Глядя на дверь, он с достоинством поднялся, ожидая, что мы последуем его примеру. Встали и мы.
– когда можно встретиться с миссис Кармели? – спросил Майло.
– Я позвоню вам. – Он подошел к двери и распахнул ее. – Будьте честным до конца, мистер Стерджис. Вы надеетесь отыскать это чудовище?
– Я приложу все силы, мистер Кармели. Нам приходится иметь дело с фактами, а не с надеждой.
– Понимаю... Я не очень-то религиозный человек, в синагогу хожу только тогда, когда этого требуют мои служебные обязанности. Но если после смерти нам уготована новая жизнь, то ее я проведу на небесах. Знаете почему?
– Почему?
– Потому что в аду я уже был.
Глава 8
– Как тебе эта комнатка? – спросил Майло, когда мы спускались в лифте. – Интересно, удостоились ли Горобич с Рамосом чести быть принятыми в его личном кабинете?
– Ты считаешь, что, устанавливая дистанцию между нами, он как бы отдаляет себя и от убийцы?

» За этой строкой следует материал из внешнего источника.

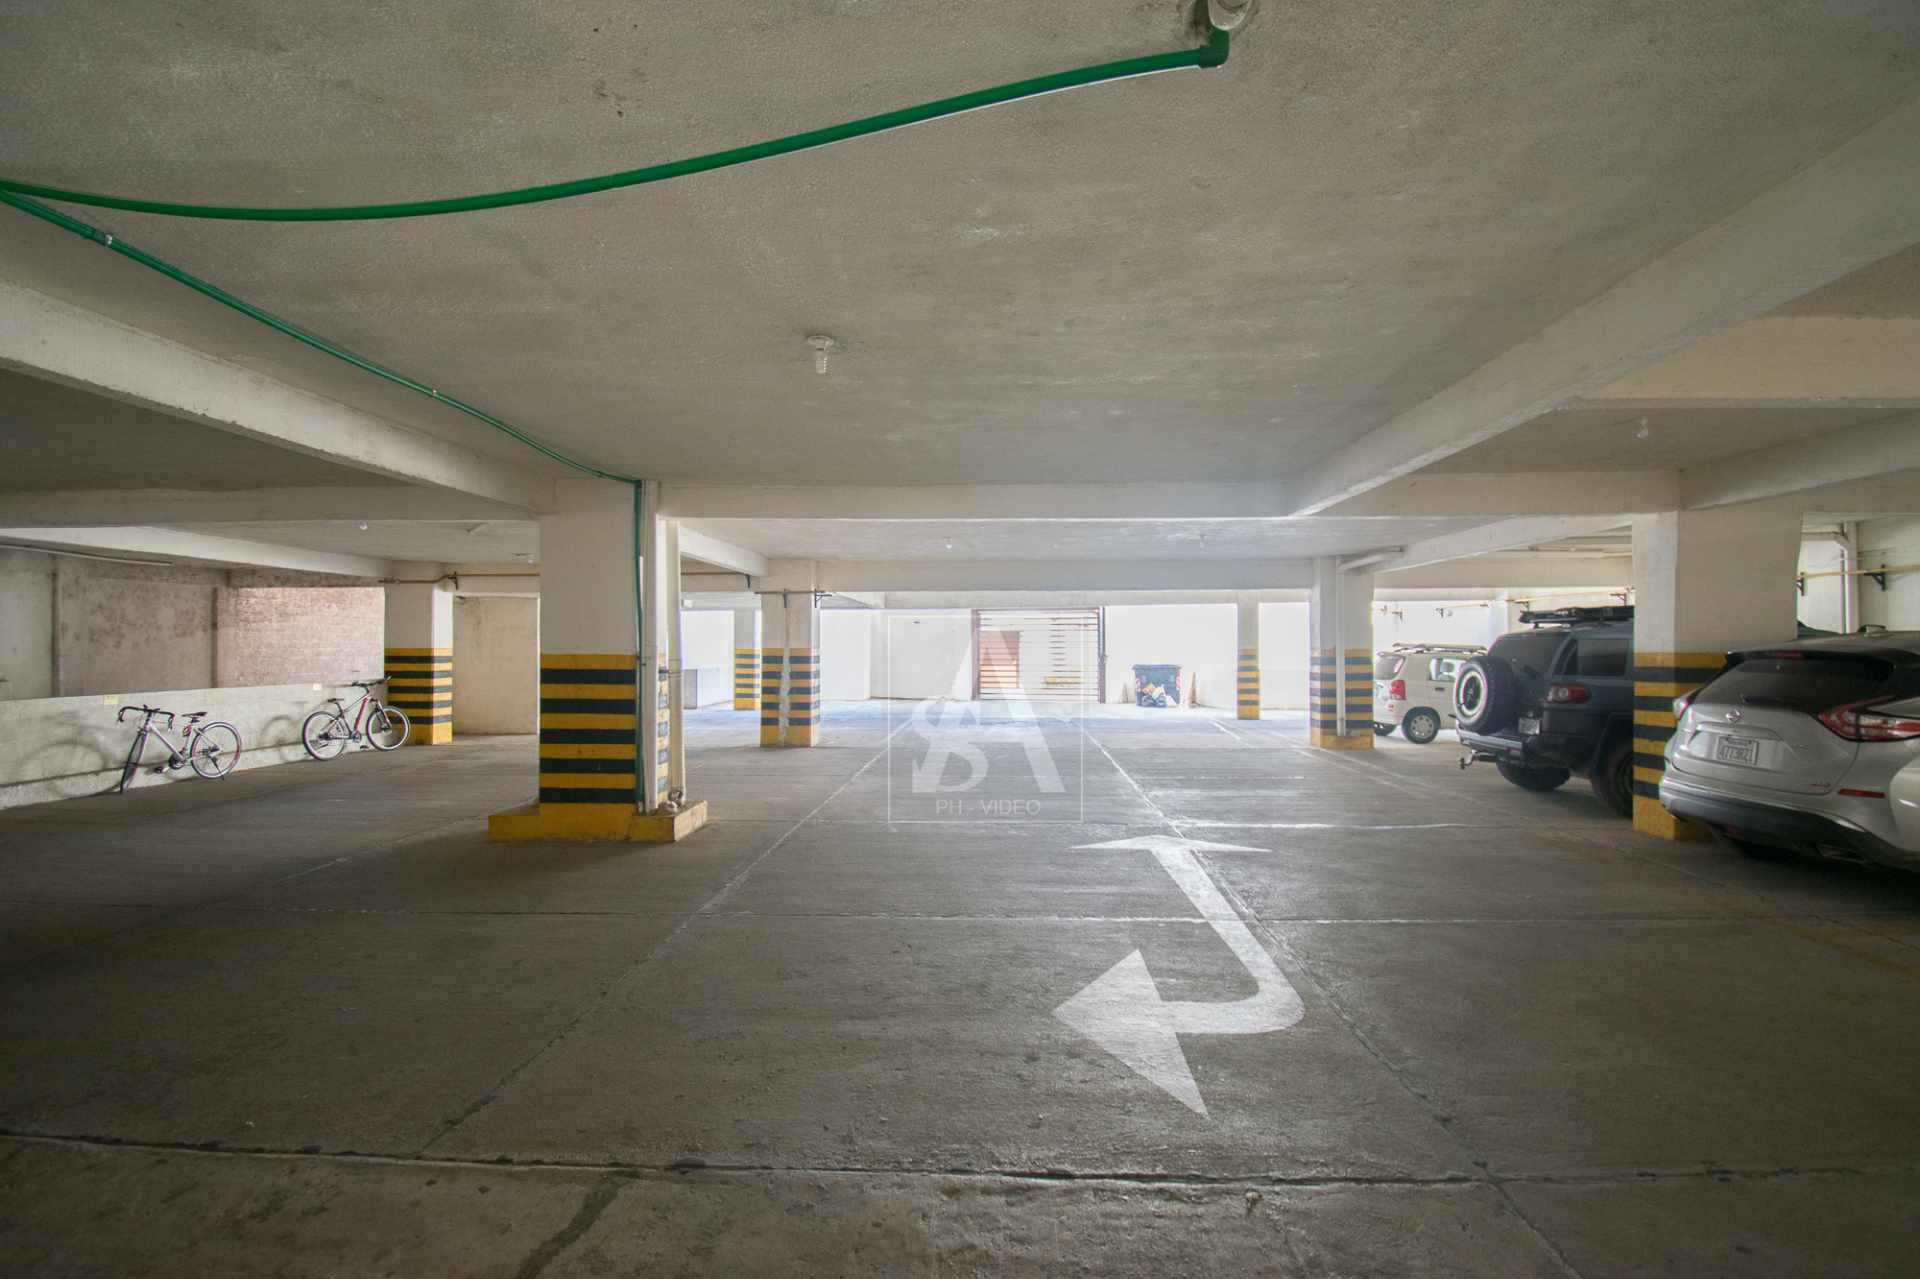 Departamento en Venta AVENIDA GUAPAY 2260 Foto 3

– Дистанция немало значит для него.
– И ты винишь его за это? Потерять дочь – само по себе тяжкое испытание, не стоит приплетать сюда издержки профессии. Я уверен: политический аспект он, как, вероятно, и все консульство, продумали с самого начала. К выводу о том, что политика здесь роли не играет, они пришли сообща. Как ты уже говорил, в противном случае люди вели бы себя совсем по-другому. Подтверждением тому – упоминание Кармели о террористах, которые стремятся привлечь к себе внимание общественности. Но это же относится и к антитеррористической деятельности: дай людям знать. Если кто-то угрожает жизни твоего ребенка – не мешкай с отпором и обеспечь себе понимание и поддержку общества. И еще: поведение Кармели свидетельствует о том, что рана его все еще кровоточит. Ему дико больно, Майло. Он мечется в поисках ответов.
Майло нахмурился.
– А мы не дали ему ни одного. Липший повод для неприязни к Управлению.
– Что ты имеешь в виду?
– Его болтовню о том, что он уже как-то имел с нами дело. Кто-то, видно, наступил ему на хвост с парадами или еще чем-нибудь. Продолжая аналогию с бейсболом, можно сказать, что Кармели обошел меня на два очка.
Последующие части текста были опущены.